We have already presented in the past on our GigaDB database and GigaGalaxy data platform, but tied with this workshop and related presentations at the meeting this was the first time we presenting some initial findings from a case study we are carrying out with the ISA-TAB, Research Object (RO) and Nanopublication communities to see how these three data models can support representation of scholarly artifacts. Studying how complimentary these models can be, how much value we can add to the publishing process, as well as encourage their use by demoing them as “digital instruction for authors”, this work is very much still in progress, but we were keen to show the results so far to the workshop audience. We have been working with the ISA team for a while, using their interoperable metadata format in a number of our datasets (see the methylated nematode genome – of which there will be an announcement next month), and as we have been working with Galaxy workflows the workflow-centric focus of the Research Object model made it an obvious system to trial in this case study too. Nanopublications are a new area to explore for us, but following our “deconstructed paper” approach, being smallest the unit of publishable information (an assertion), the ability to attribute and cite these makes them attractive through their potential to provide incentives for researchers to make their data available.

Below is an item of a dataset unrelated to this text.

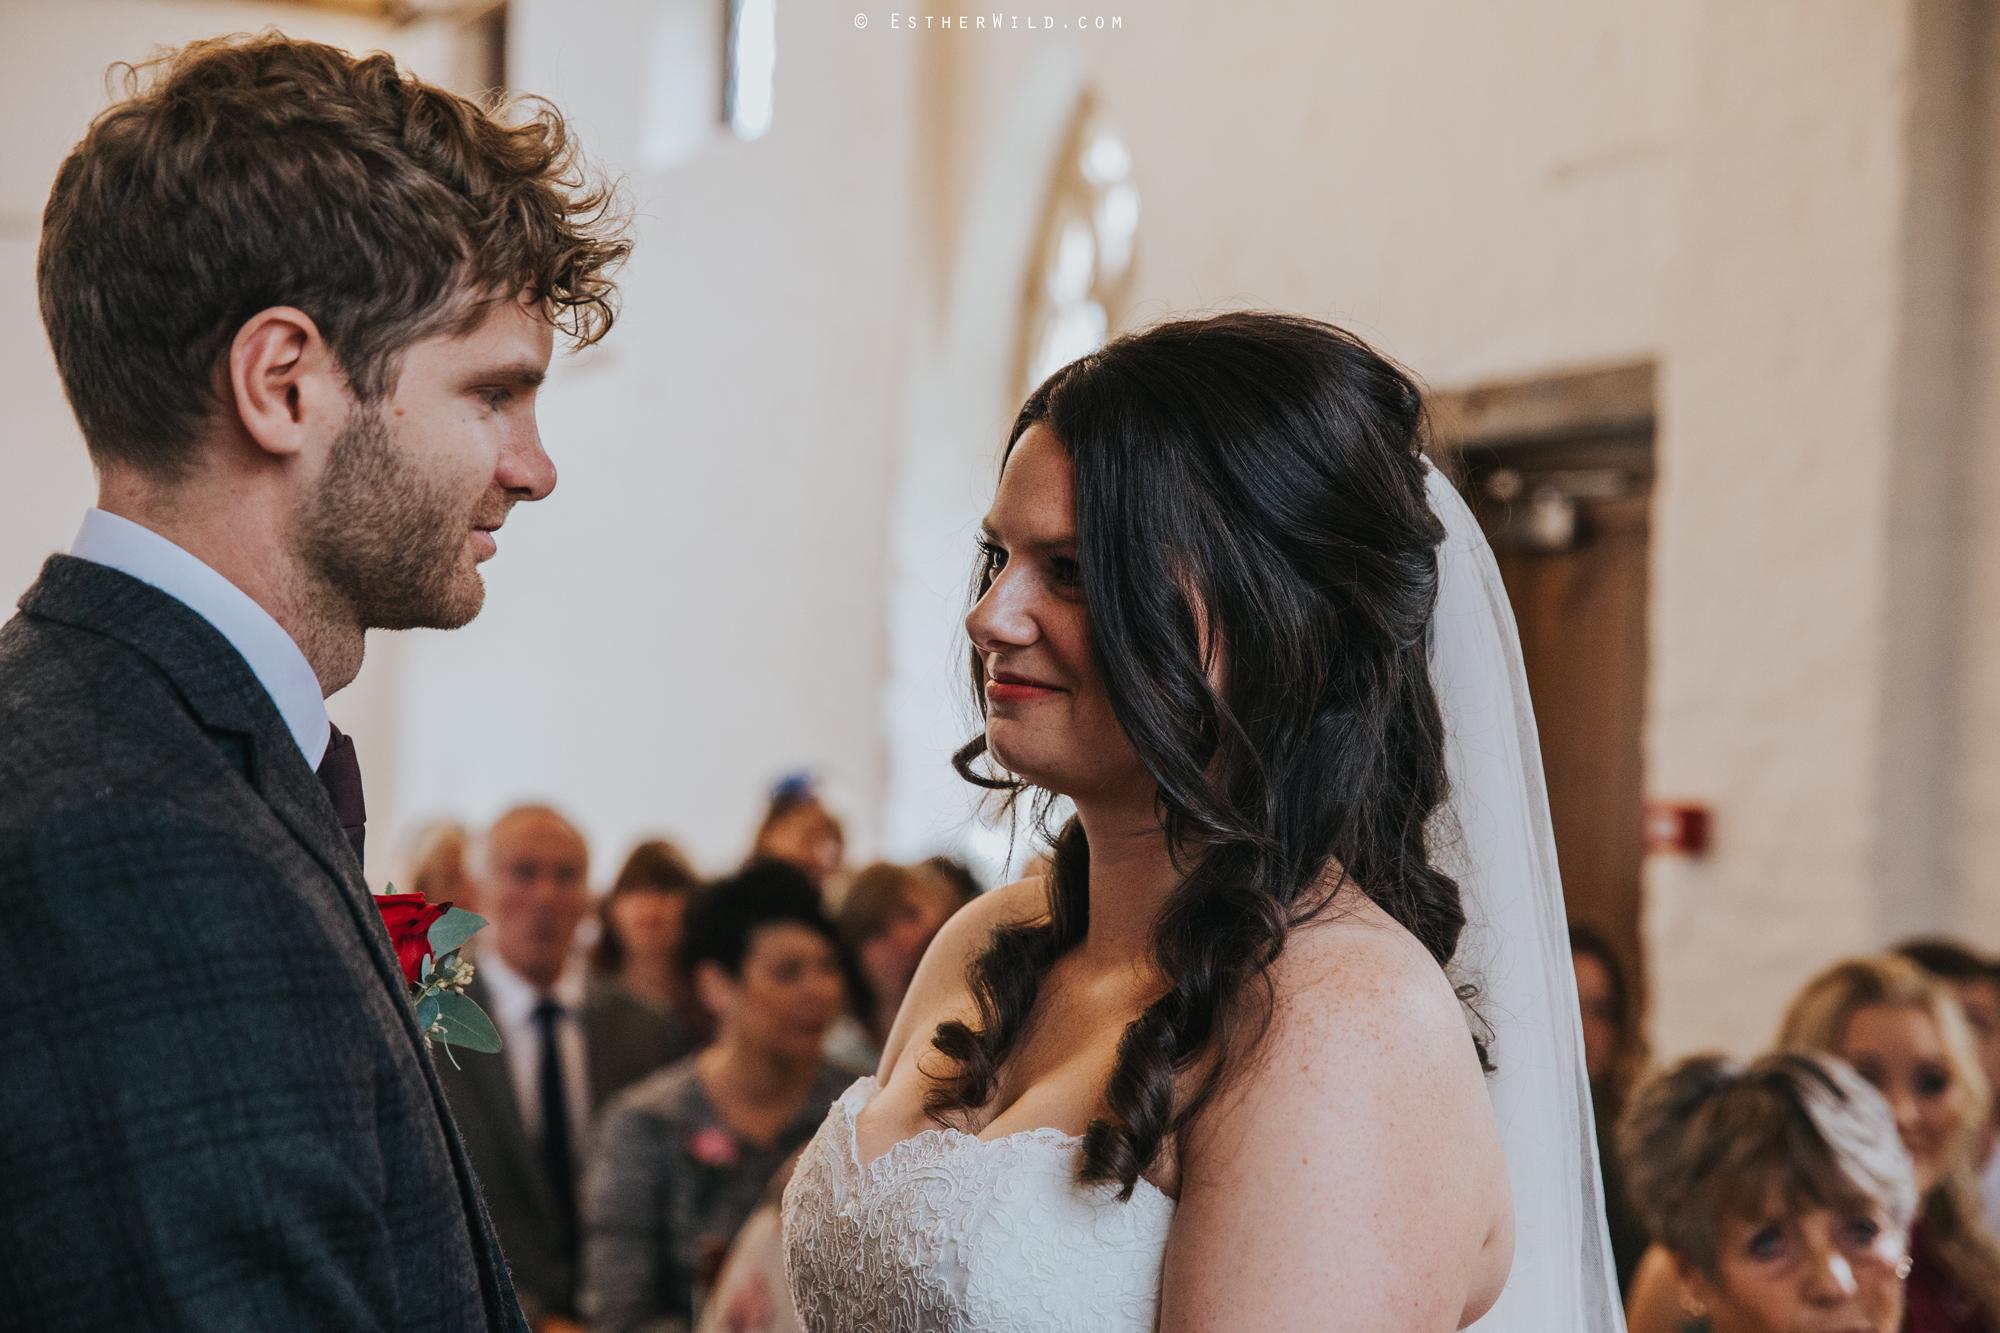 Reading_Room_Weddings_Alby_Norwich_Photographer_Esther_Wild_IMG_0963.jpg

While the work on the case study so far has shown we can represent the parts of the paper in these models, and that we can recreate results from the paper using our GigaGalaxy workflow, we are still struggling to recreate other parts of the results and represent them as nanopublications. It was great seeing our board member Carole Goble further elaborate on the costliness of reproducibility in her ISMB keynote the following day (see her great slides) and include some of this case study as examples to the wider ISMB audience. The RO and Nanopublication work was elaborated upon by Marco Roos in his Tech Track talk (see abstract), and Mark Thompson in his poster, and for completeness sake we will try to post these when they are made available online.

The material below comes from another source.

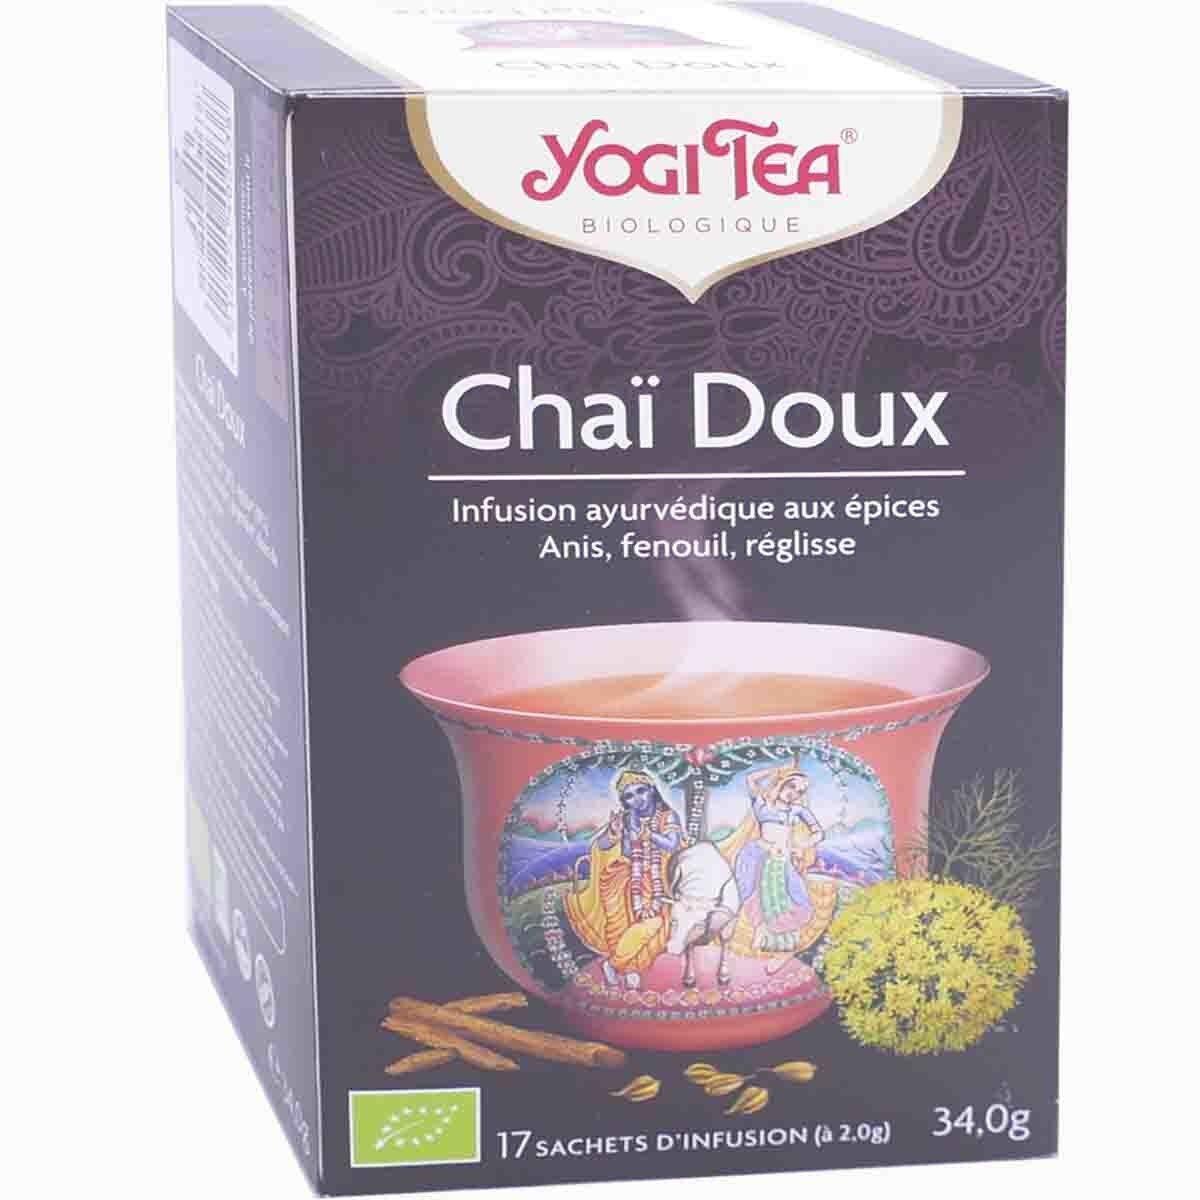 Yogi tea chai doux infusion 17 sachets 2.0 g

The session ended with a packed panel chaired by Barend Mons, and including Niklas Blomberg (Director of Elixir), Carole Goble, Larry Hunter, Winston Hide, as well as the speakers and organizers summarising the topic together and fielding questions from the audience. Polling the audience at the end of the session, Marco got a very positive response when asking whether to do the workshop again next year in Boston, so watch this space for updates on the ongoing case study, and if there will be a follow up workshop. We’d like to thank all of the case study participants, particularly Jun Zhao, Philippe Rocca-Sera and Alejandra Gonzalez-Beltran at Oxford, and Mark Thompson at LUMC, and Marco Roos in particular for doing most of the hard work setting up the workshop, as well as the ISMB organisers for selecting it and helping us make it happen. We’d also like to thank Jennifer Cham at the EBI for the great sketch featured above, and for making it CC-BY. You can see the other fantastic sketches she made at the conference from the her Flickr page.